Ik gebruik momenteel deze..

----------


## lovetheislam

Ik gebruik die van Jadoreeee !

----------


## lovelymodesty

Allure van Chanel!

----------


## [email protected]

Flowerbomb momenteel.

----------


## meisje1992

> Ik gebruik momenteel deze..


lekker, ik gebruik die van de dames

----------


## Desi-Verhalen

Lady One Million - Paco Rabanne

----------


## She-is-Royal

Ik gebruik verschillende.
enkel voor feestjes draag ik dezelfde  :Smilie:

----------


## Prince30

Hugo Boss bottled, D&G nr 10 en 1 million van Paco Rabanne.

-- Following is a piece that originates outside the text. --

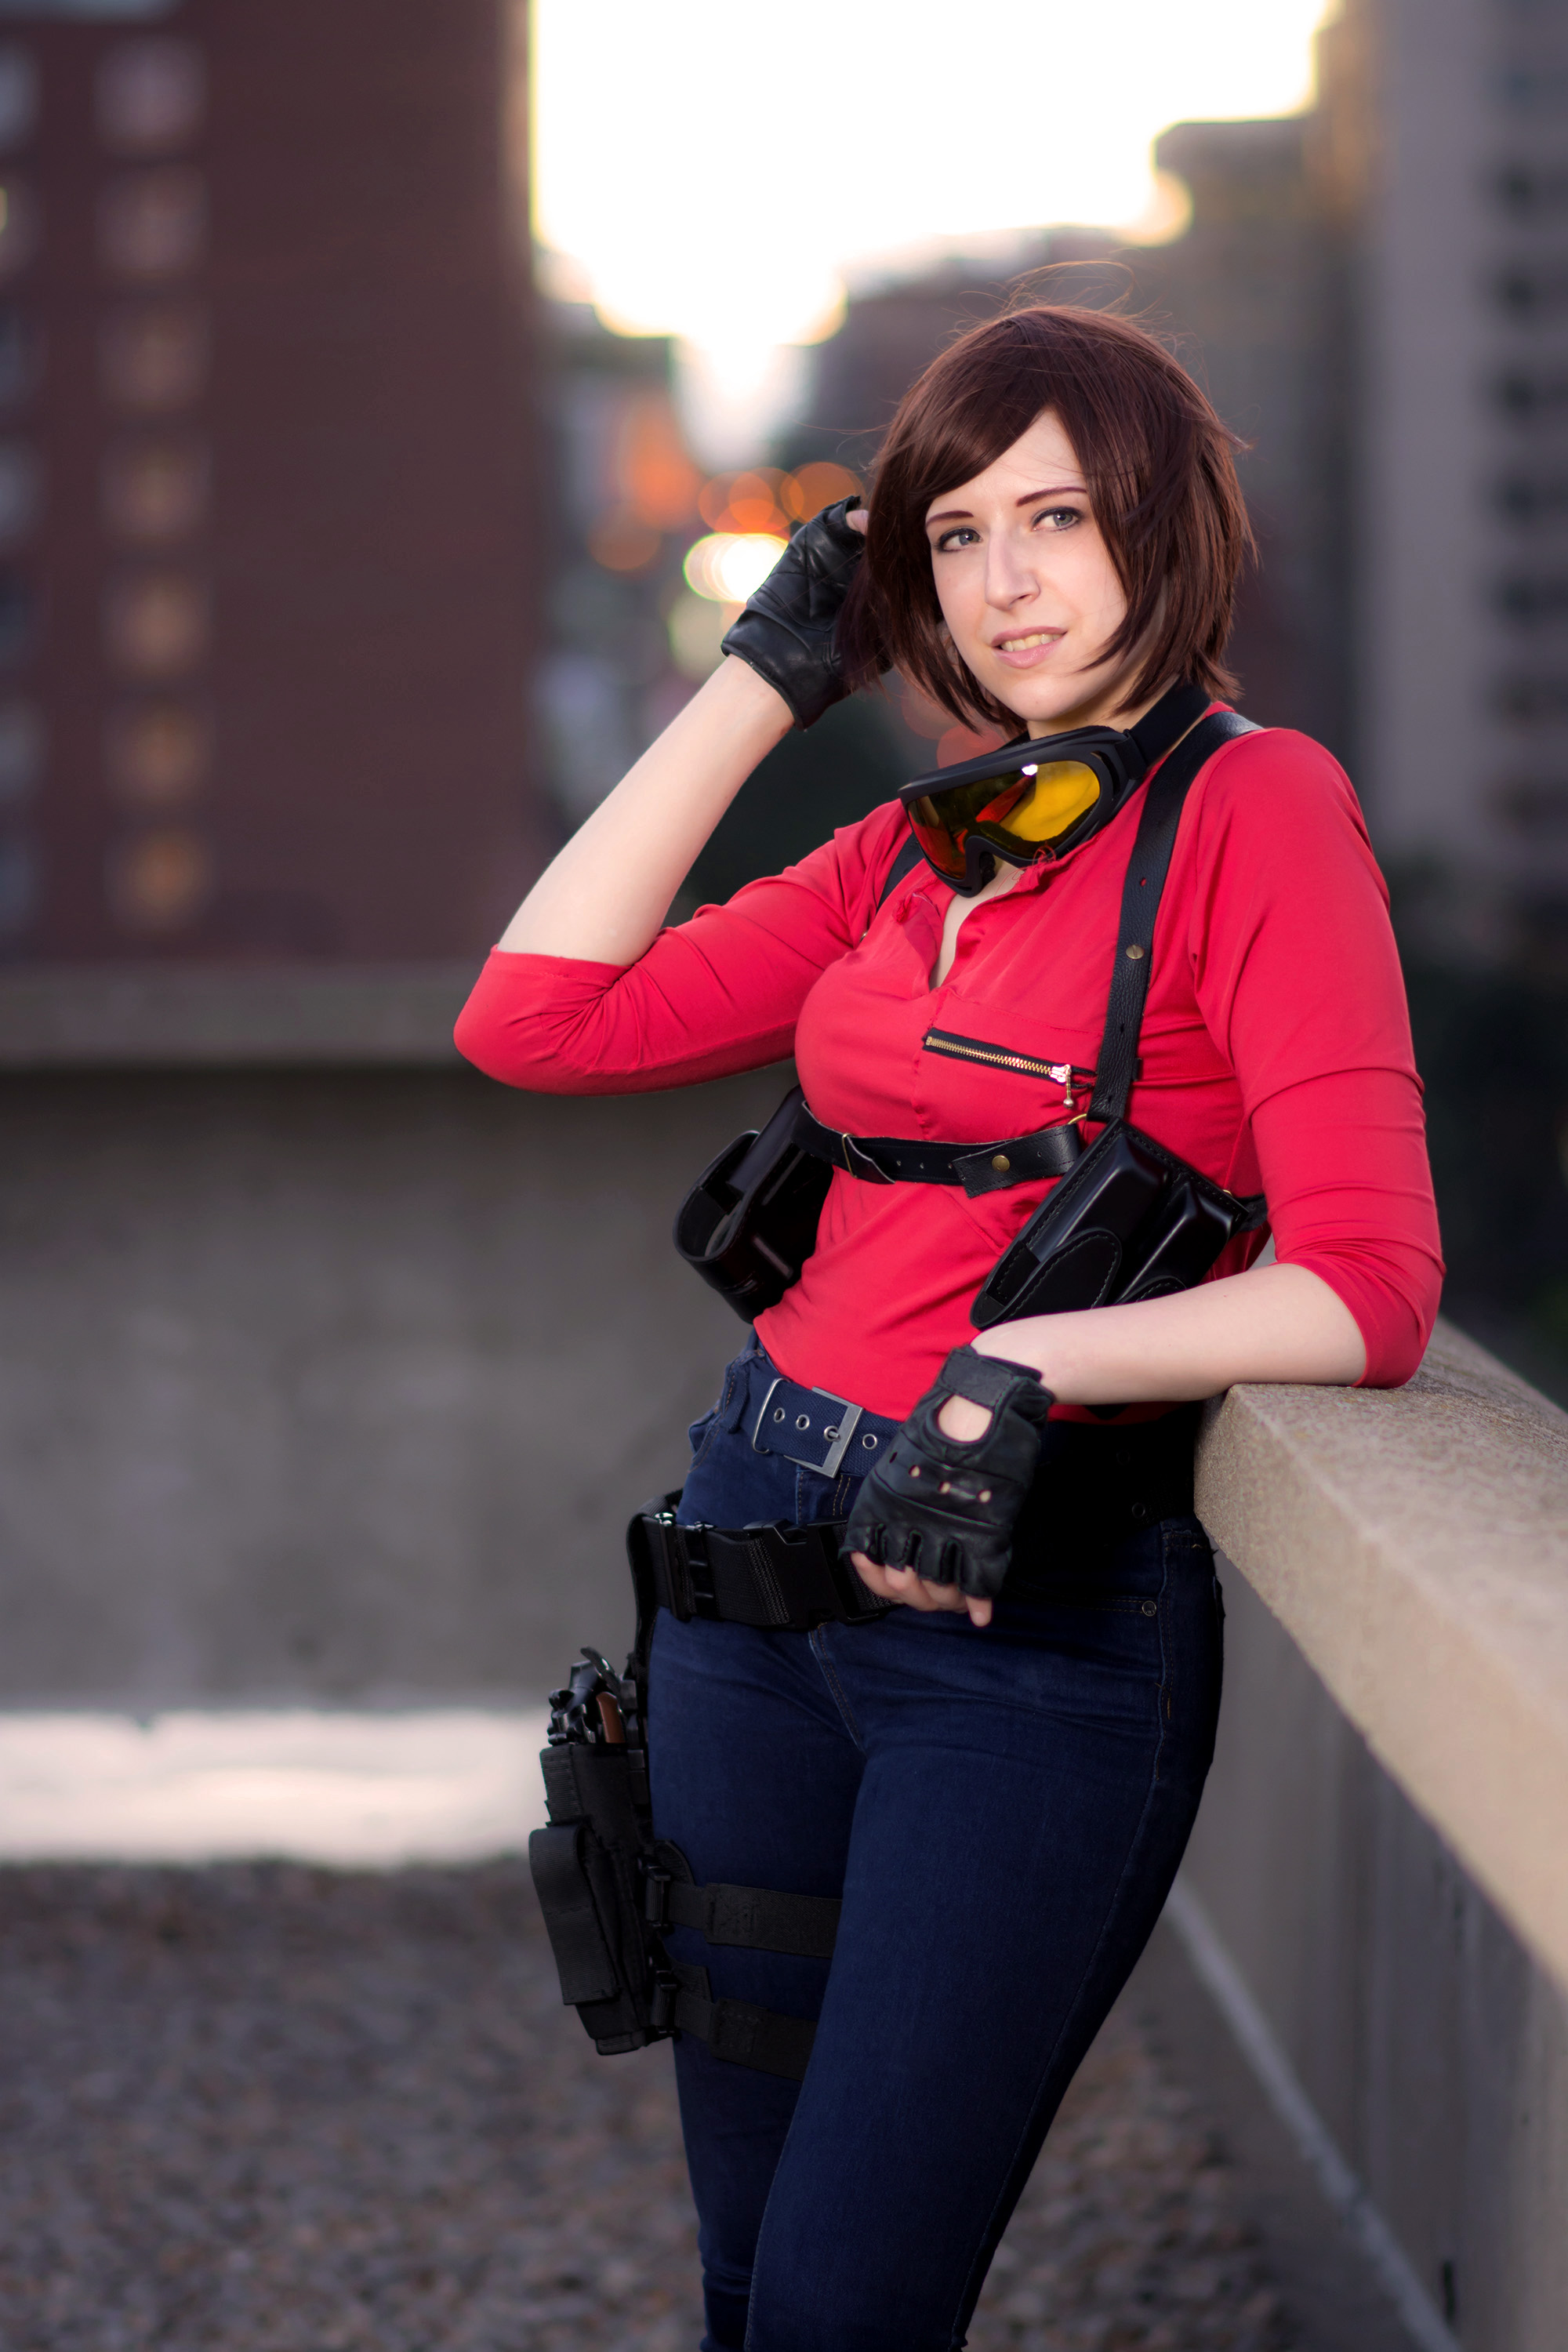 Revelations 2 Sniper Claire costume (outfit by DigitalZky) : r

Wat is nu heel in en ruikt lekker?

----------


## Jackson12

zelfde als topic starter... goeie parfum!!!

----------


## Adiva

Yves Rocher - Evidence.

----------


## Jessica88

Burberry Brit en Miracle van Lancome..

----------


## ZorgzameMeid

ik heb pas geleden prada gekocht maar ik vind hem niet zo lekker haha

----------


## Amira2013

Flowerbomb van Viktor&Rolf

----------


## Maroua1

DKNY be delicious

----------


## Chamalia_

Chanel chance, eau fraiche, de groene  :love:

----------


## Juffrouw_Saartje

Parfum op oliebasis zoals amber of rozenolie.

----------


## Karin.N

Eternity van Calvin Klein

----------


## ti7atje

azzaro ,,,lekker geur  :Smilie:

----------


## Batata Helwa

verschillende

----------


## Lailla92

Die van Chloe.

----------


## Pares

One million :blozen:

----------


## Lailla92

> Allure van Chanel!


My favourite!! <3

----------


## Pumi

Nu Hugo Boss, Deep Red.

----------


## faatjje

guess & sex and the city. #iloveit

----------


## Mis beauty

Lancom la vie Est Belle

----------


## sammetje009

chanel mademoiselle mijn favo en one million

----------


## eswara

One million door de uitverkoop hahah.

----------


## FatimaBo

Dior & Chanel  :bandiet:

----------


## mehdi-mehdi

Ik gebruik nu al een jaar of 4 'Legend' van Mont Blanc.
Krijg daar ontzettend positieve reacties op.  :blozen:

----------


## Real07

Versace dreamer is nog altijd n van mijn favorieten!

----------


## BloedgroepV

Flowerbomb en Gucci Guilty.

----------


## Wegmisbruiker

Laatst 3 gekocht. 
Sculpture (classic)
Joop Go
Dior Intense

----------


## samira_elai81

Nr 1 alien die is echt lekker
2. La vie a bella super 
3 armani code dat zijn een beetje mijn geuren

----------


## Chira wa3ra

Ik heb tegenwoordig allerlei body mist flesjes, o.a. van Rituals

----------


## Dinalicia

Narciso rodriguez in dat roze flesje is life!
Voor de rest bulgari coral en la vie est belle

----------